If by some mischance you’ve happened upon Prime Minister’s Questions recently, you’ll be familiar with David Cameron’s obsession with Unite – the country’s largest trade union and Labour’s biggest union donor – and its General Secretary, Len McCluskey.

For several months the PM has seemed unable to answer two consecutive questions from Ed Miliband without reminding him how he owes his election to the votes of unions like Unite, which has now, he accuses, “taken over” the party: funding it, dictating policy, and controlling the selection of parliamentary candidates.

It’s a typical Westminster game with a small kernel of truth at its centre, which, when distorted and repeated shoutily thrice weekly, most of us find puerile. But Cameron’s unstoppable, and he was at it again last Wednesday, accusing Unite of choosing Labour’s candidates.

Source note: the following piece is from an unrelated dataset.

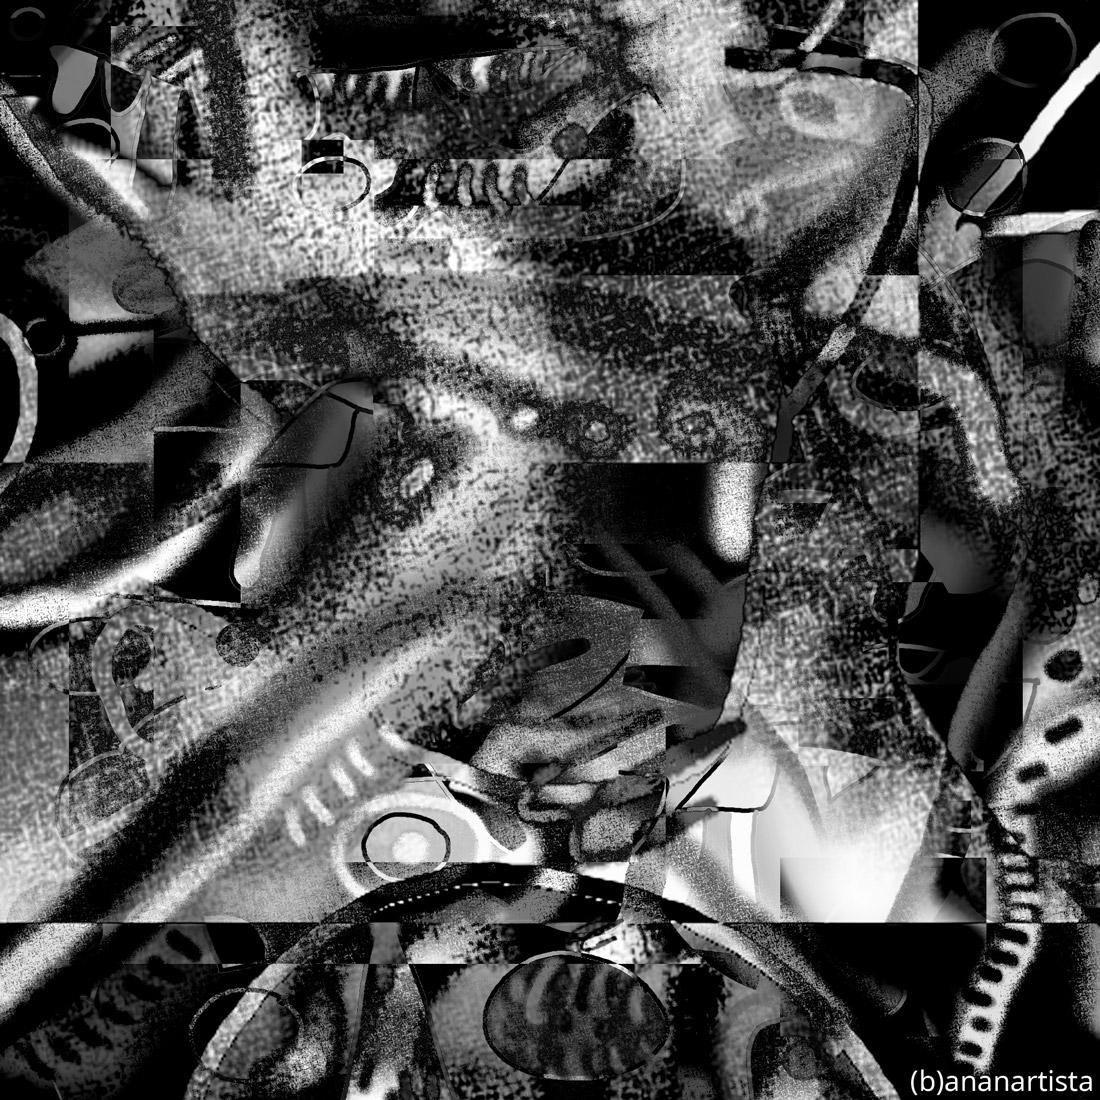 Fecondazione nera: artwork by (b)ananartista sbuff

This particular distortion involves asserting that the dubious and possibly fraudulent practices of the Unite-dominated Falkirk Labour Party, during the subsequently suspended selection of the constituency’s parliamentary by-election candidate, are being replicated nationwide in the many other seats where Unite-backed candidates are seeking adoption.

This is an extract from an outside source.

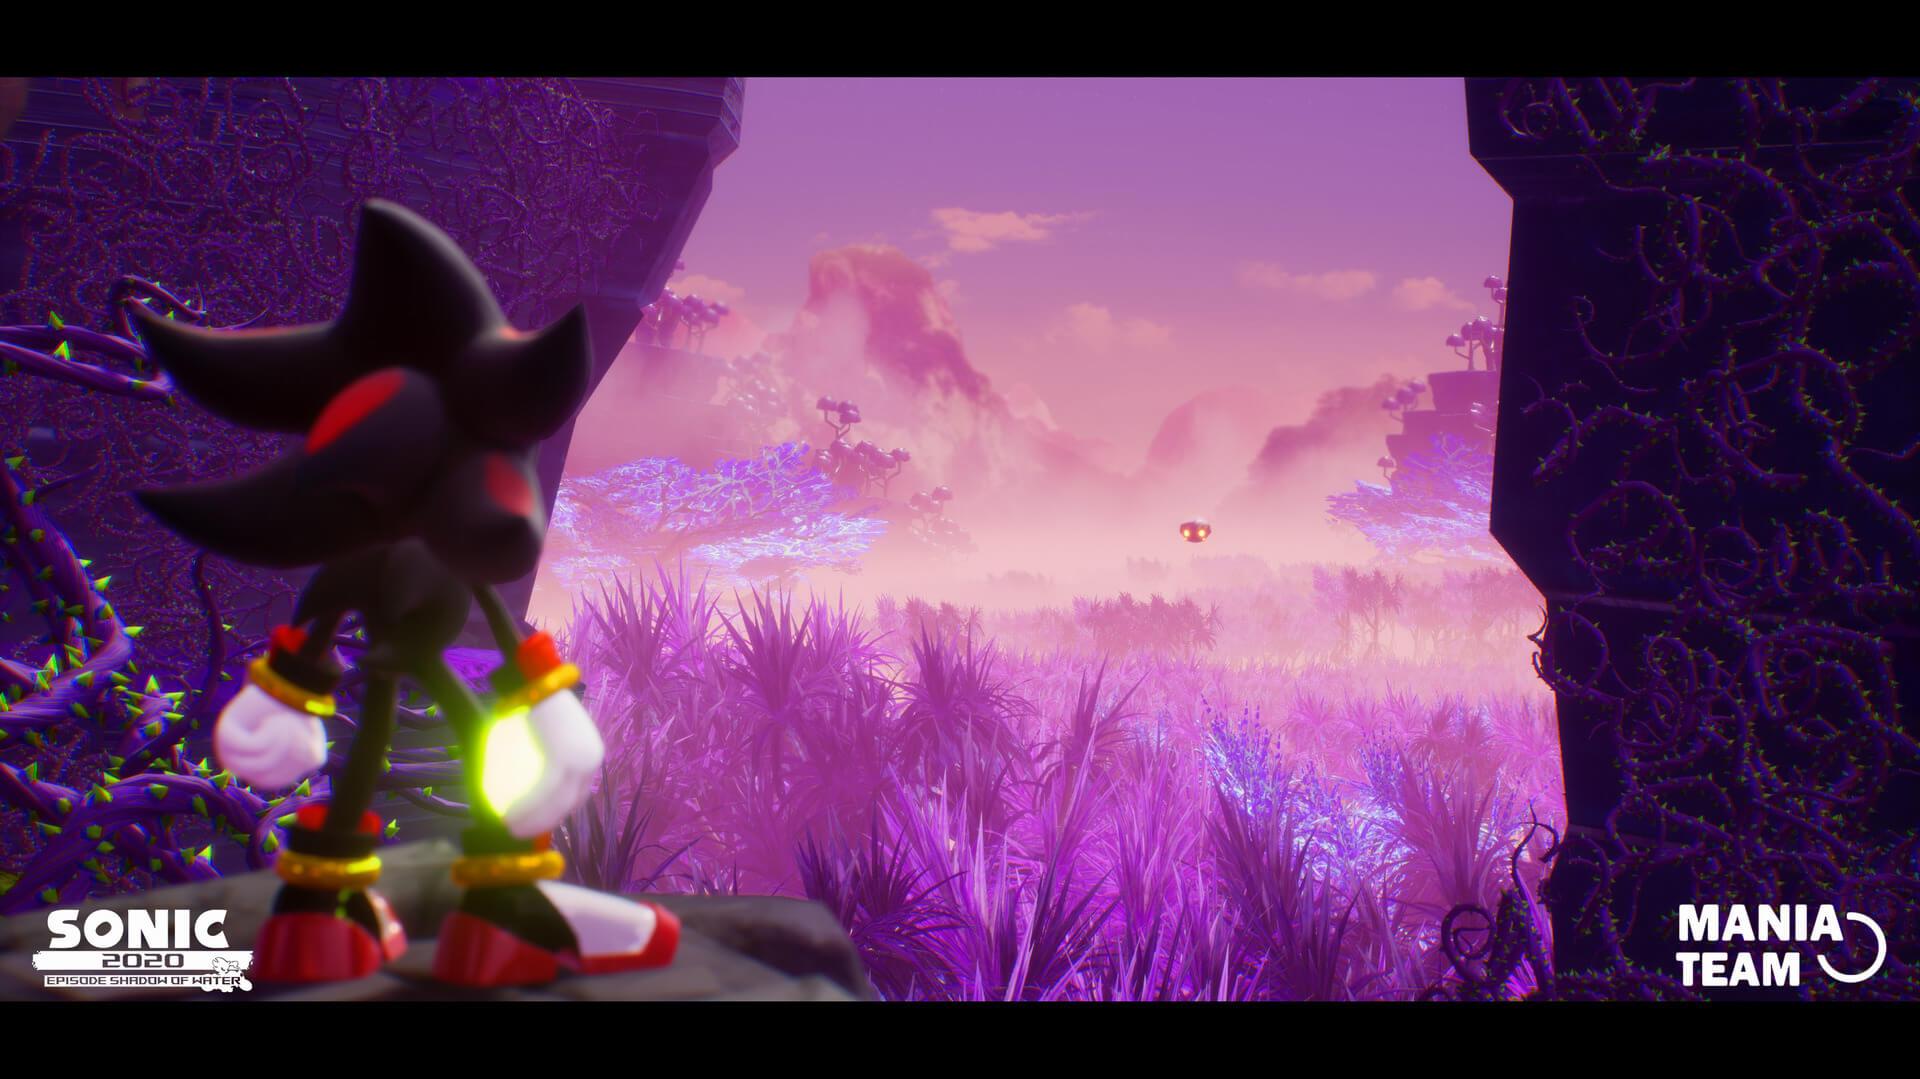 Sonic 2020 - впечатляющая фанатская игра на Unreal Engine 4

Michael Crick in his Channel 4 News blog challenged this supposed Unite hijack of candidate selection by examining its effectiveness. Of 41 constituencies targeted by Unite as seats where it hoped to get named individuals selected as Labour candidates, the union has been successful so far in 18 and unsuccessful in 20 – a 47 per cent success rate, which Crick suggested “doesn’t seem a very good return”.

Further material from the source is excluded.